PID 415790: flox activate -- sleep 1
{"Fork":{"timestamp":777771839,"parent_pid":415779,"child_pid":415790,"parent_pgid":286785}}
{"Exec":{"timestamp":777873759,"pid":415790,"ppid":415779,"pgid":415790,"cmdline":"flox activate -- sleep 1"}}
{"Exec":{"timestamp":778236771,"pid":415790,"ppid":415779,"pgid":415790,"cmdline":"flox activate -- sleep 1"}}
{"Exec":{"timestamp":821667200,"pid":415790,"ppid":415779,"pgid":415790,"cmdline":"/nix/store/lm10ywzflq9qfhr4fl0zqxrhiksf28ks-bash-5.2-p15/bin/bash /home/zmitchell/code/proctrace/.flox/run/aarch64-linux.proctrace/activate -c sleep 1"}}
{"Exec":{"timestamp":841641399,"pid":415790,"ppid":415779,"pgid":415790,"cmdline":"/bin/bash --noprofile --rcfile /home/zmitchell/code/proctrace/.flox/run/aarch64-linux.proctrace/activate.d/bash -c sleep 1"}}
{"Exec":{"timestamp":842538886,"pid":415790,"ppid":415779,"pgid":415790,"cmdline":"sleep 1"}}
{"Exit":{"timestamp":1844663774,"pid":415790,"ppid":415779,"pgid":415790}}
PID 415802: /nix/store/gbg2xq3si9vf8w9pi3lywf83bs6rz74w-flox-watchdog-1.2.3/bin/flox-watchdog --pid 415790 --logs /home/zmitchell/code/proctrace/.flox/cache/watchdog.415790.log --socket /run/user/1000/flox.5ae6e2f1.sock --hash 5ae6e2f1 --registry /home/zmitchell/.local/share/flox/env-registry.json
{"Fork":{"timestamp":821380607,"parent_pid":415790,"child_pid":415802,"parent_pgid":415779}}
{"Exec":{"timestamp":821441901,"pid":415802,"ppid":415790,"pgid":415802,"cmdline":"/nix/store/gbg2xq3si9vf8w9pi3lywf83bs6rz74w-flox-watchdog-1.2.3/bin/flox-watchdog --pid 415790 --logs /home/zmitchell/code/proctrace/.flox/cache/watchdog.415790.log --socket /run/user/1000/flox.5ae6e2f1.sock --hash 5ae6e2f1 --registry /home/zmitchell/.local/share/flox/env-registry.json"}}
{"Exit":{"timestamp":1856265364,"pid":415802,"ppid":1,"pgid":415802}}
PID 415803: /nix/store/zzmqcgd2vrql9656a2fkwk948r38mgai-coreutils-9.3/bin/dirname -- /home/zmitchell/code/proctrace/.flox/run/aarch64-linux.proctrace/activate
{"Fork":{"timestamp":824291494,"parent_pid":415790,"child_pid":415803,"parent_pgid":415779}}
{"Exec":{"timestamp":824646881,"pid":415803,"ppid":415790,"pgid":415803,"cmdline":"/nix/store/zzmqcgd2vrql9656a2fkwk948r38mgai-coreutils-9.3/bin/dirname -- /home/zmitchell/code/proctrace/.flox/run/aarch64-linux.proctrace/activate"}}
{"Exit":{"timestamp":825310528,"pid":415803,"ppid":415790,"pgid":415803}}
...

Here is an example of the Mermaid output (you may need to open in a new tab to see it better): A process trace as a Gantt chart

This output mode is arguably the most useful, but also the least ergonomic at the moment.

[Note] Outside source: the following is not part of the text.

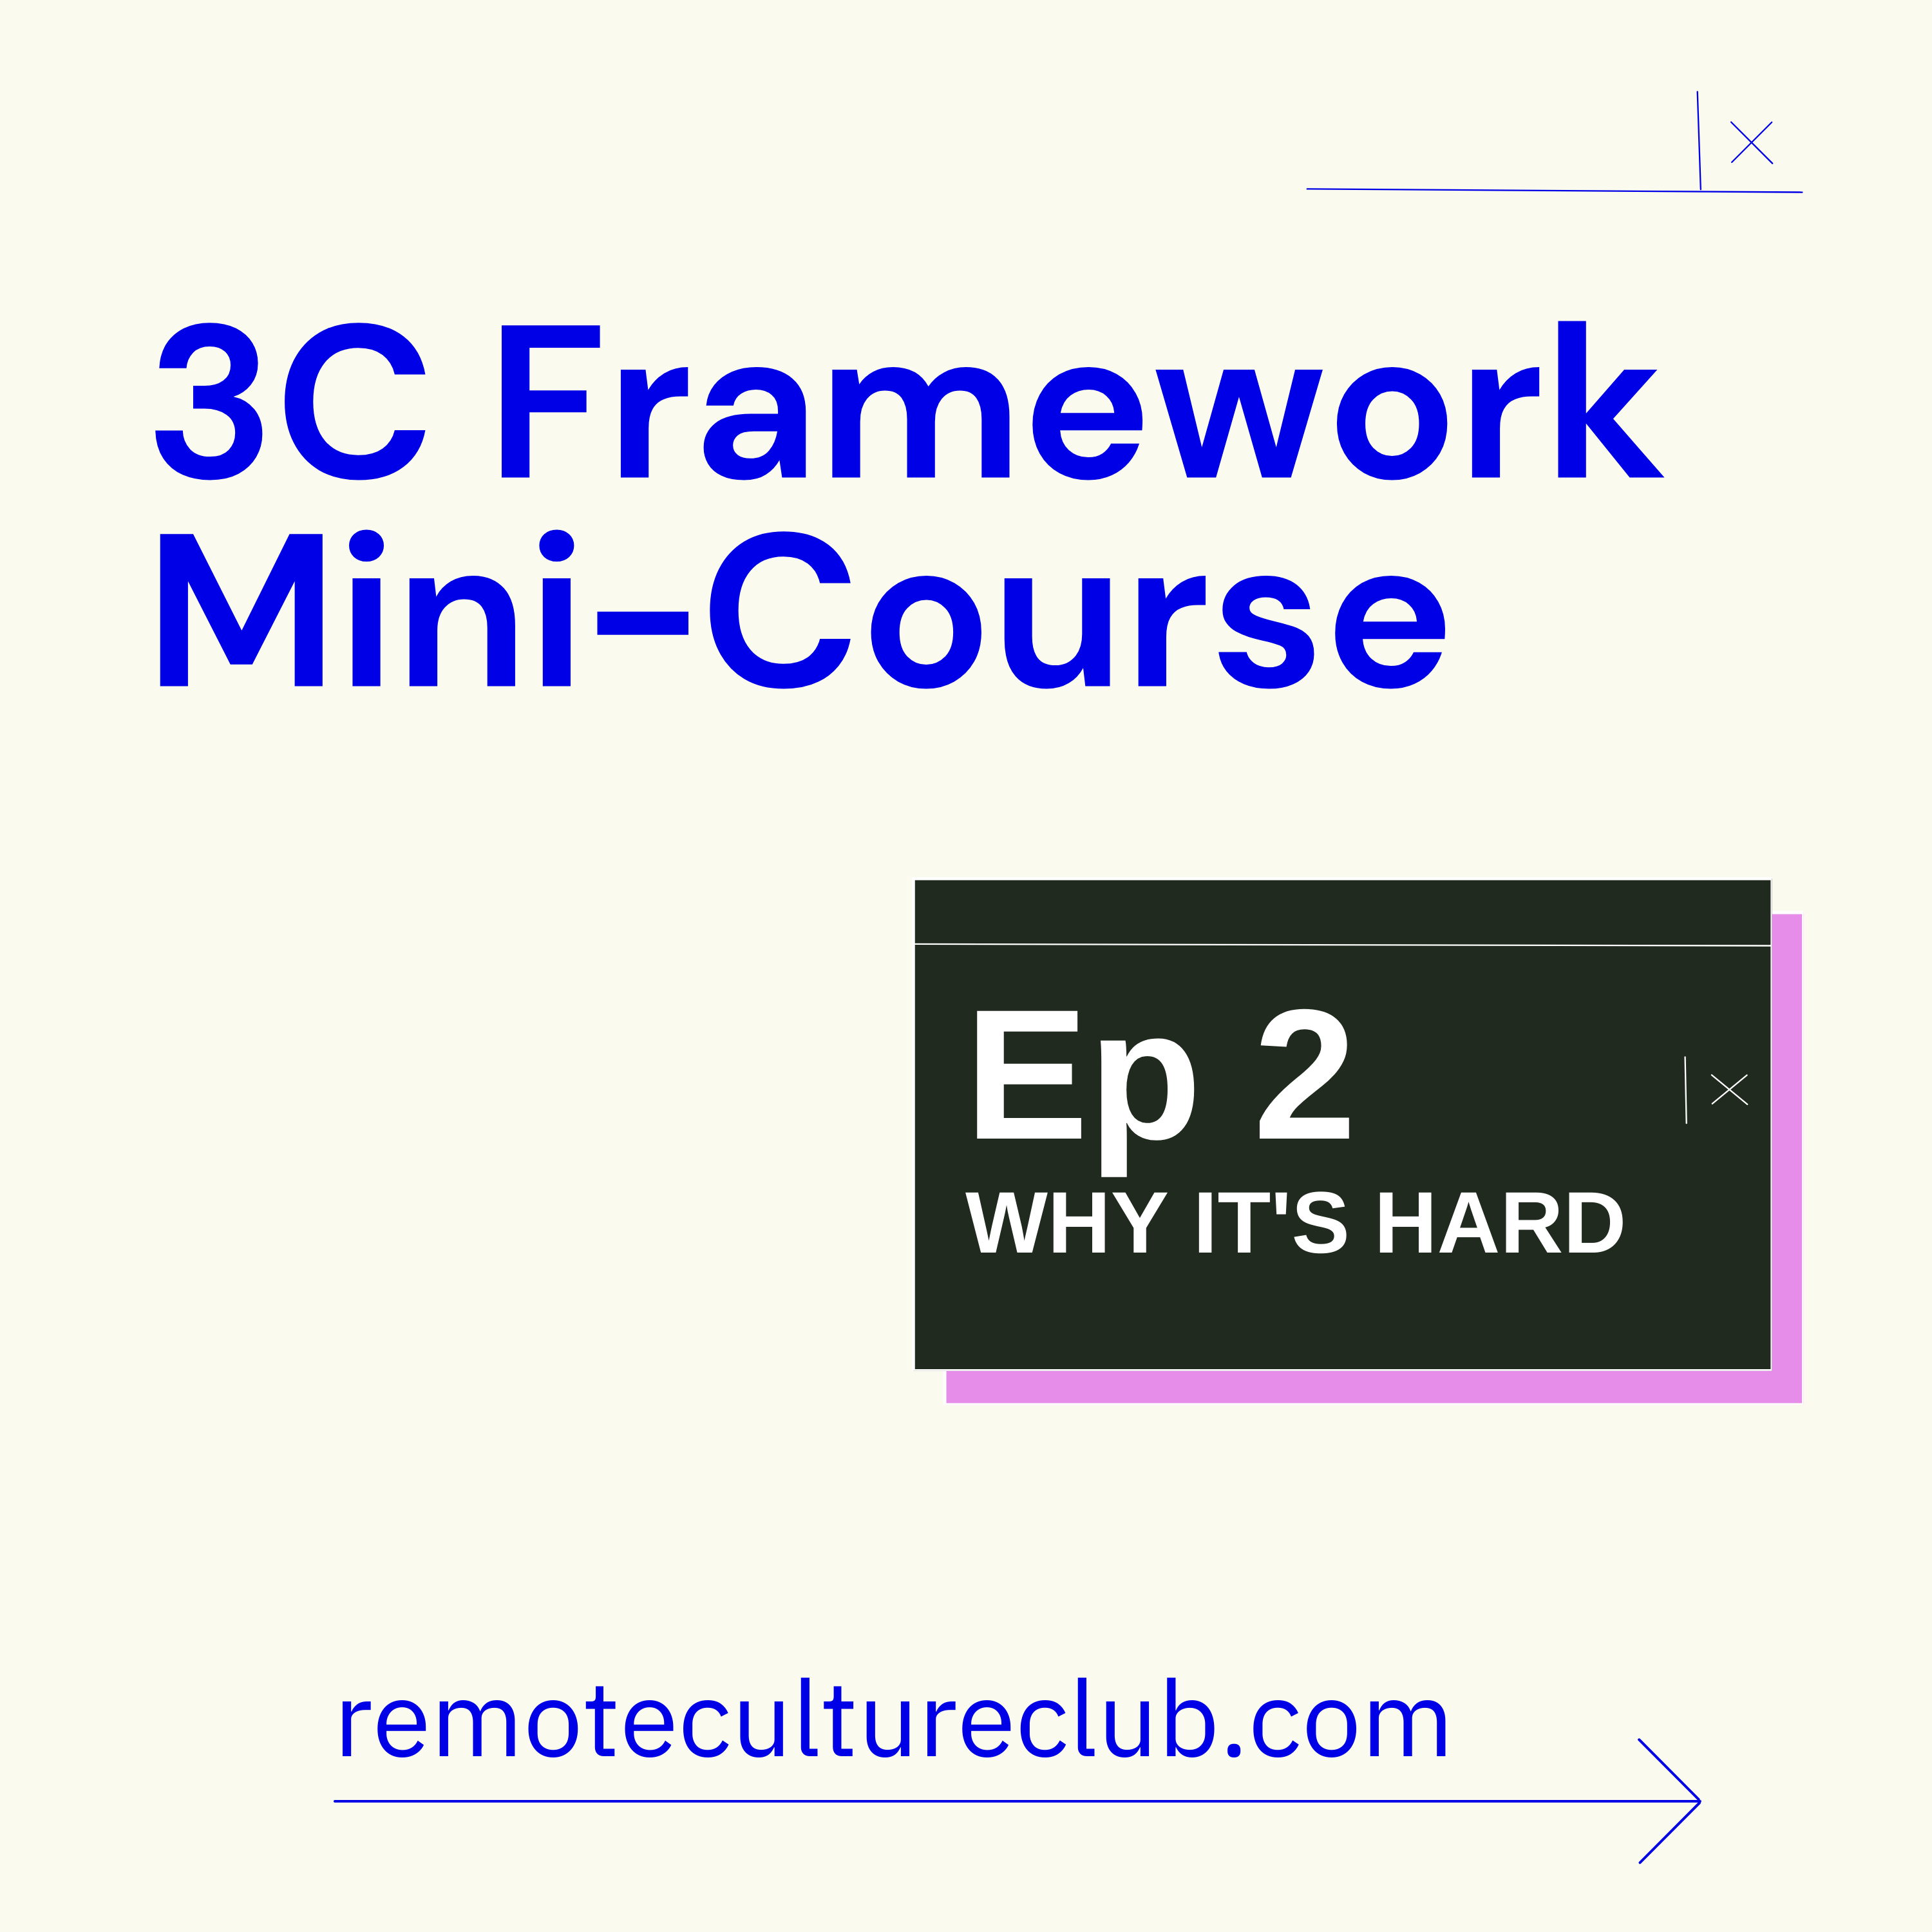 3C Framework Mini-Course: Why it’s HARD

Currently proctrace will write the Gantt chart syntax to the specified output and you can either copy and paste that yourself in the Mermaid Live Editor or generate diagrams yourself via the Mermaid CLI (note that this…requires installing headless Chromium or something, I just use the live editor).

Eventually I would like to replace the Mermaid output with HTML reports similar to cargo build timings so that we have more control over the legibility of the output.